Littledogball · 07/06/2023 22:16

You aren't taking on board the the traditional and cultural way we do weddings in this country is to send a card with the invitation clearly written out for specific people and with specific instructions. If you choose not to do this then you confuse people. If I got a text invitation to a wedding I'd assume I was only asked as a casual thing to make up the numbers as someone else who has got a proper invitation couldn't come. I'd take it as come if you like and perhaps your dhs family are miffed as they think this is what you have done.
That's certainly how I would read it if I was invited to a wedding this way. It just inane done.

The brothers weren’t confused, OP’s own family weren’t confused, so why were only the SILs confused?

Anissue · 07/06/2023 22:29

Possibly the lack of formal invite indicated it was quite casual, hence their response?
Obviously really rude.

drpet49 · 07/06/2023 22:32

Titmumma · 07/06/2023 18:44

You need to read up on the "let them trend"

They want to be dickhead in laws? Let them. They've shown their true colours and they have confirmed what you and your DH mean to them.

People reap what they sow so hopefully it'll be the sisters caring for them in old age since they clearly don't care about you - so you don't need to care about them.

Congratulations on your marriage OP! 😊

This, this and this

Katiesaidthat · 08/06/2023 10:33

I am not in the UK, and lack of formal invite would make me think casual.
I would make mental note and mirror their behaviour, that way if ever there is further "confusion" you won´t be disappointed.

WhatNoRaisins · 08/06/2023 11:58

I've been to weddings where the registry office bit was the "legal minimum" with just witnesses as the couple wished to marry in different way. For example a religious tradition that's not covered or a late evening candlelit ceremony or an outdoor ceremony.

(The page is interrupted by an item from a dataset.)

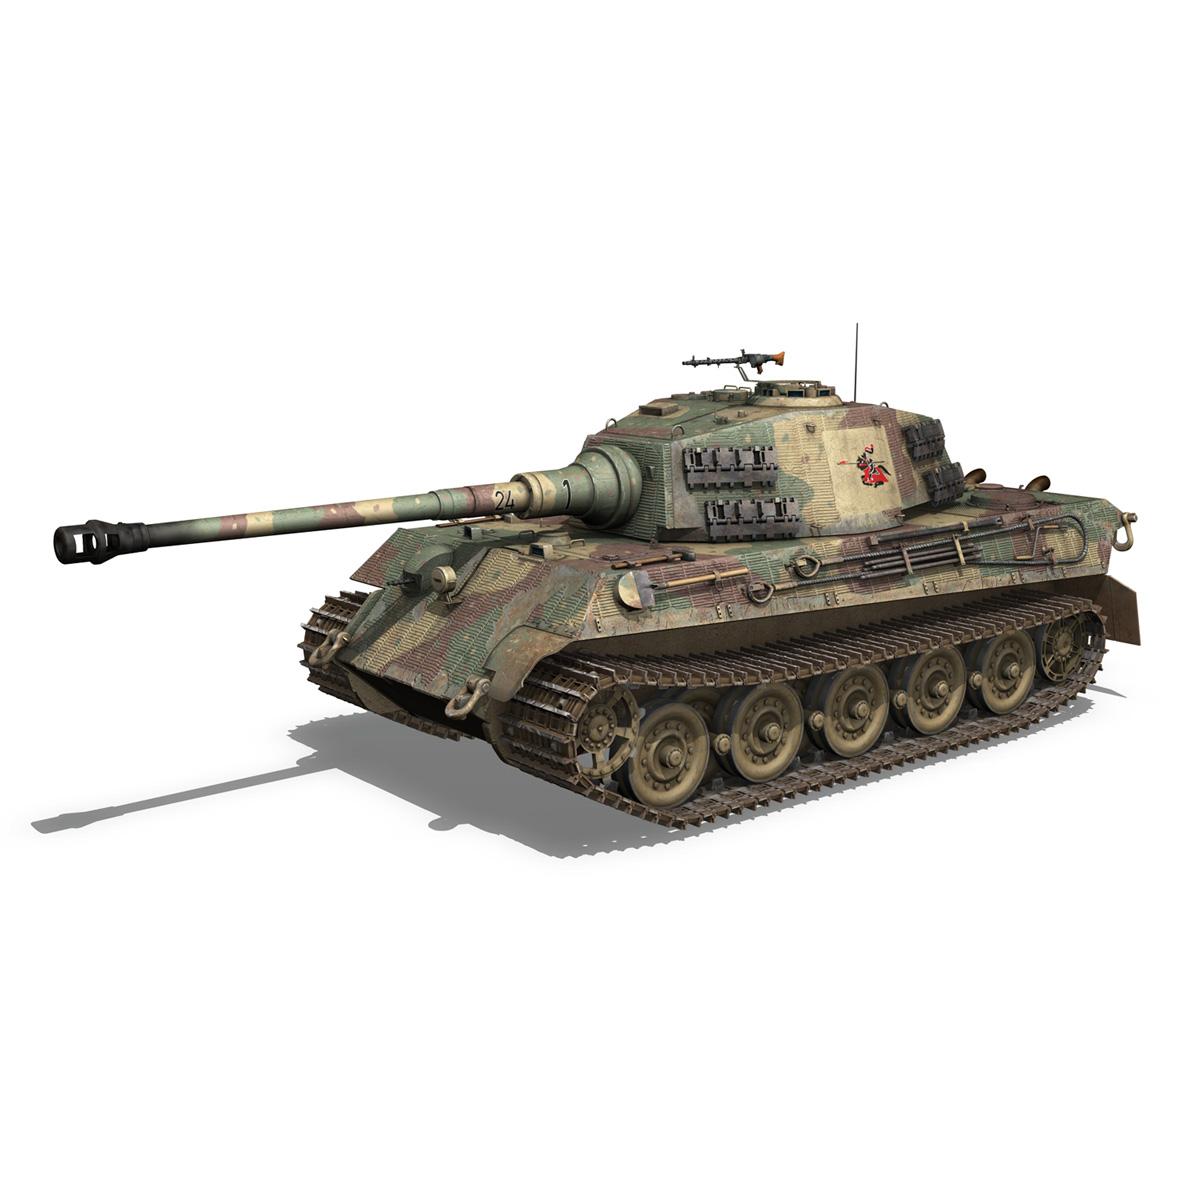 Panzerkampfwagen VI - Ausf B - Tiger II - 124 3d model 3ds c4d lwo lws lw obj 273756

Could they have thought they weren't all expected at the legal bit? I'm not sure what I'd made of being invited to a wedding without an invitation to be honest.

perfectcolourfound · 08/06/2023 16:55

Sorry if I'm being a bit daft...

So your DH has brothers. The brothers came to the wedding but their wives and children didn't?

That is odd I agree.

Clearly it's nothing to do with the invitations as you were very clear, and all your family managed to attend. It's really rude to just not turn up at a wedding. They sound odd. I'd keep a distance and be grateful you have a loving family.

Anothercomment · 26/10/2023 06:35

Did you send them a proper invitation? Or just rely on your husband to tell them. It does seem odd.

WandaWonder · 26/10/2023 06:40

I can't get my head around all this adding up, if it is during the week does anyone work as you have mentioned 'no one was working' sure people work weekends and all sorts but there seems a lot of miscommunication - I would not go to a during the week wedding

would have been simpler to send invites with proper details as RSVP dates

haribosmarties · 26/10/2023 06:40

My MIL didn't come to our wedding and let us know on the morning of the actual day. My husband was stood at the alter when she phoned. Her seat was there with the name on it throughout the ceremony as there wasn't time to alter the seating plan so everyone knew she hadn't turned up.
He is her only child and had never been married before.
I didn't cry about it and neither did he but I don't ever see her now and he takes the kids to see her for a couple of hours a couple of times a year. It's her loss. She could've been part of our lovely family but she isn't really.
I do feel deeply sorry for my DH this isn't the only way she's been utterly shit to him in his life.